When I first got the e-mail link to the game, I was so excited I fired up my computer and tried to start the download, despite the fact that it was 11pm and I had to go to work the next day.  After a bit of frustration trying to log in properly to download the file, I finally was able to do it.  The initial download file is small and came across quickly.

I clicked on the icon, and watched in horror as my download speed appeared.  It was downloading occasionally at up to 100k/s, but this came in bursts, and would on the next burst drop to 0, or go back up to only 40, and so on.  After trying for a few minutes, I shut my computer off and went to bed.

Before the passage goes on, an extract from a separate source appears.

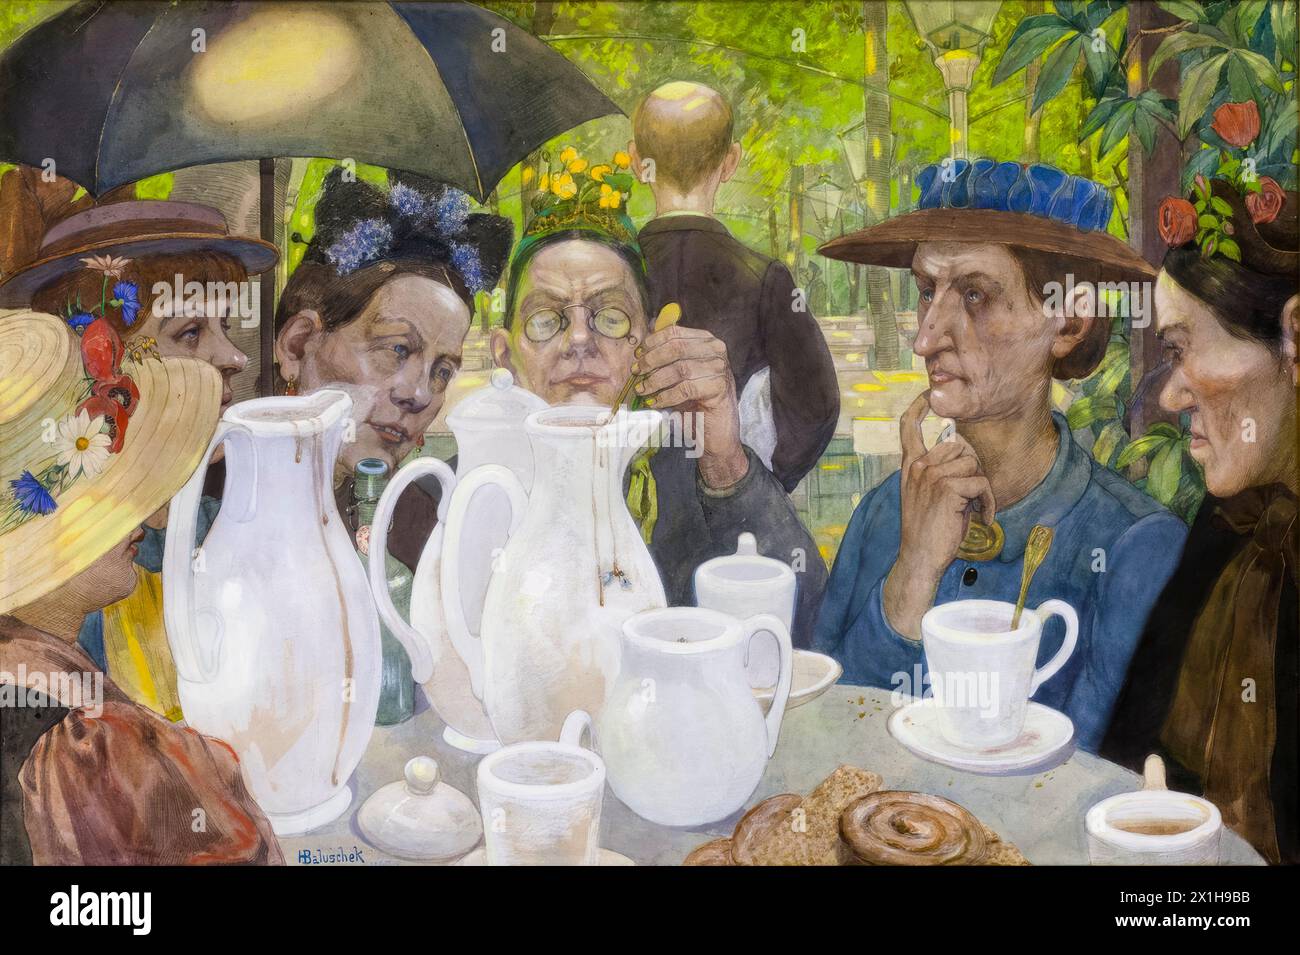 Hans Baluschek, Families can make coffee here, painting in mixed media on cardboard, 1895 Stock Photo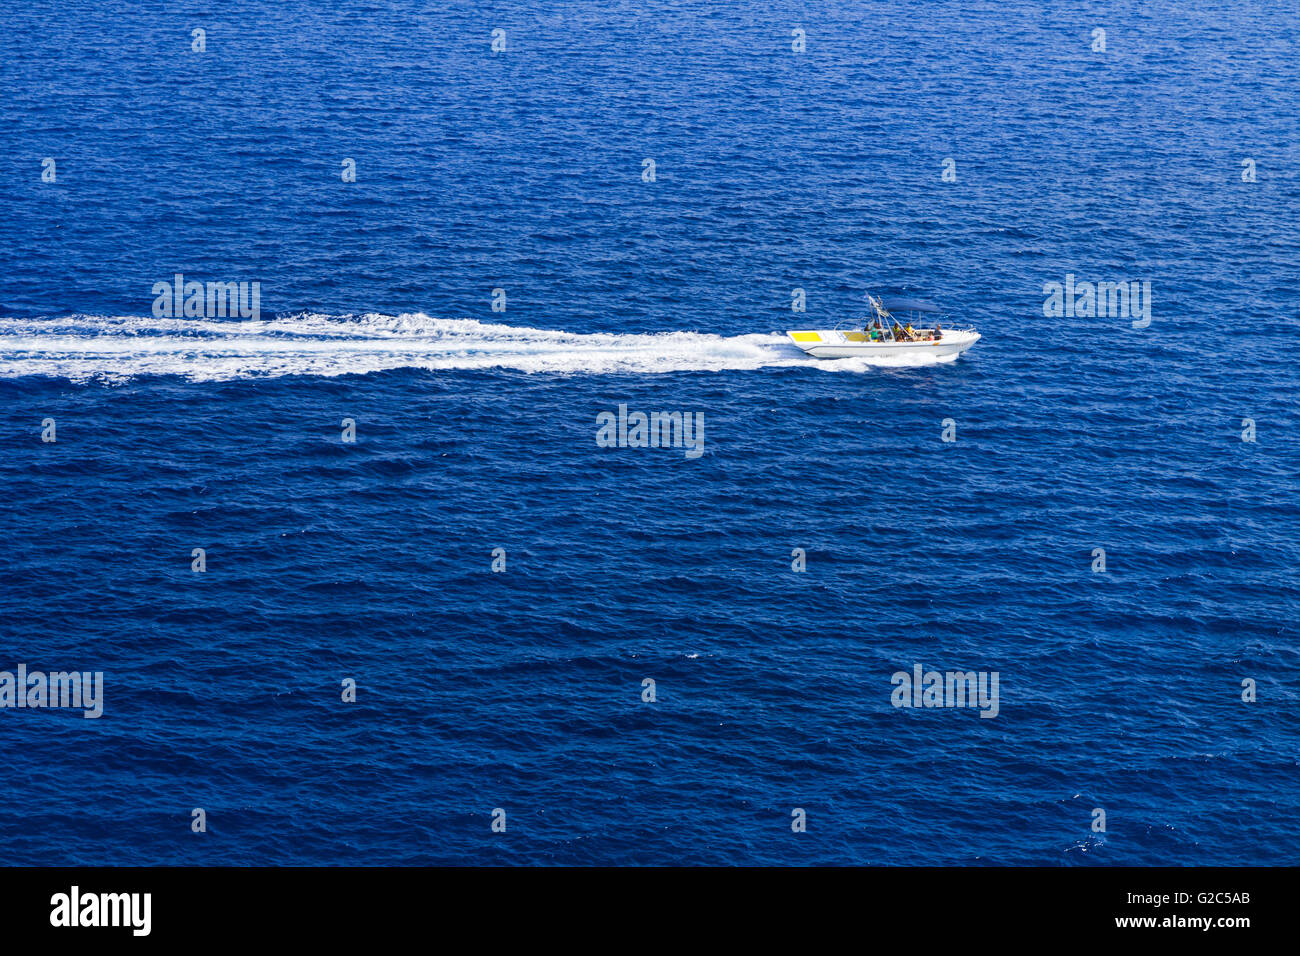 Kolymbia beach with the rocky coast in Greece. Motorboat and speed  in blue sea. Stock Photo

The next day before I went to work, I fired it up and left it sitting all day. Download speeds appeared to be as bad as before.  Until I got everything downloaded and got into game, they remained that way.  However, to Adventurine's credit, patching speeds have improved significantly since then - my last patch downloaded at around 800k/s.

First Impressions

The game loading screen and such have fairly bad graphics, reminiscent of something from the days of Wolfenstein 3D or Doom.  This concerned me unnecessarily, so I hope they'll work a bit on improving these.  Once I finally got into the game, I thought the graphics looked a bit hokey as well - buildings had sharp black lines to tell you exactly where they were, ledges had the same.  And then there was the difficulty of learning the UI (which is why I wrote my other lengthy post about it) and trying to figure out what I should be doing.  There is absolutely nothing, at least in beta, to helpfully tell me "hey, come speak to me."

There was a NPC character standing fairly close to where I spawned, and since this was the only character around, it seemed like the one I should talk to.  I walked up and tried clicking and such, but because I didn't understand the UI, I failed miserably in my attempts at communication and walked away.

At this point, I started to become a little depressed about the game.

But I persisted, exploring to the west a bit (I started in the western-most Elven city), and after seeing several more NPCs, I realized that only my lack of knowledge had prevented me from successfully speaking, and I went back to the beginning.  Now I was able to communicate and accept two quests.  Yes, just as I thought, the NPC closest to your spawn is the one who is designed to help you get your start in the world.

It was about this point that I decided to run in windowed mode instead of full screen, and it made a huge difference.  The big black lines I had seen earlier, that made everything look hokey, are simply not noticeable in a tighter resolution.  On release, I'll play as high resolution as my computer will let me, as a result.

So my first impressions were that the UI is not user-friendly (it's not) and that the graphics sucked, but the first I found I could learn my way past, and the second really started seeming more natural as I went through the game (additionally, because of the fairly natural passage of daytime and nighttime, the graphics started looking even cooler as time progressed).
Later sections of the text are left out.